Ironically, my last hike of 2020 was a good one. I ended off the pretty horrible year on a high note, up 4,000+ feet in the sky on a beautiful day. Mt. Tom, Field, and Willey were coated in a very thin layer of snow and ice, thanks to the Christmas Day rainstorm sloughing off a considerable amount of snow. While I was lacing up my hiking boots, securing my gators and microspikes, and pulling on all my winter gear, the car read 5 degrees Fahrenheit outside. Zealand wore her dog coat in the freezing weather. My dad and I were hiking with friends Tim and Emily Dunham, so we did a two car shuttle, dropping one at the Willey House parking lot and starting from the one at the Crawford Notch Train Depot. We started there because it was about 400 feet higher than the Willey House, so overall, we would have more downhill.

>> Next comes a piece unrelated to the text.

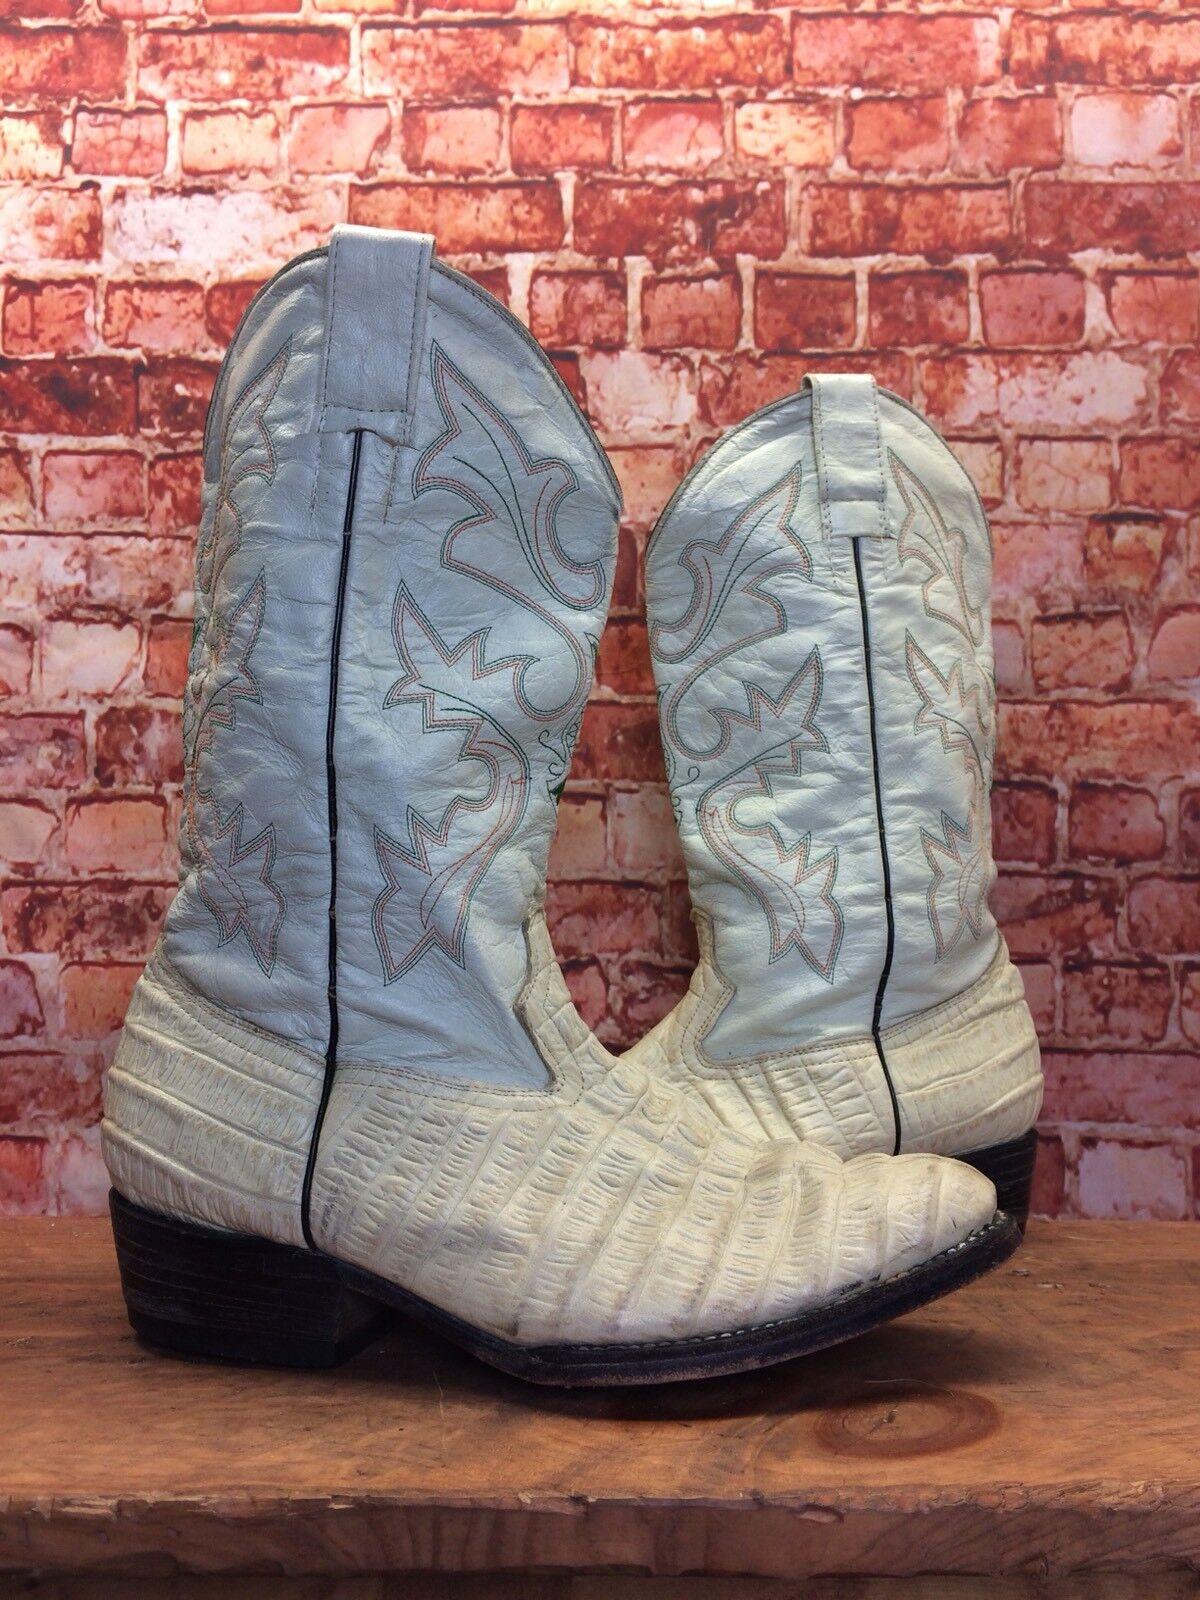 Vintage Hombres blancoo Croc Relieve blancoo botas Cowboy Oeste

Although the air was chilly, I shed my ski jacket early on the way up to Mt. Tom via the Avalon and A-Z Trail. Below, I still had four layers – a sweat-wicking athletic tee, a long-sleeve thermal, a mid-layer, and my sweatshirt. As always throughout a cold-weather hike, I was constantly trying to balance my inner thermometer based on the temperature, wind levels, and physical exertion. The trail up was relatively easy, though there was one challenging river crossing that will get easier as more of it freezes. Since it was gushing forcefully and there were no decent stepping rocks, we had to bushwhack a short section up the river until we could find a narrower section to hop across. My dad carried Zealand in an effort to keep her paws from getting wet and icy. The other river crossings were minor and partially frozen over.
We hit the turnoff for Mt. Tom and 0.6 miles later bagged the first peak of the trip. Although we remained below treeline, the trees were thinned, so the wind was chilly and I pulled on my jacket and a neckie. The true summit is just a caron surrounded by trees, but down a short path is a lookout with a cool view! The last time I was on Mt. Tom was four years ago with my whole family on a Father’s Day trip. I barely even remember it, so it was nice to be on the summit again.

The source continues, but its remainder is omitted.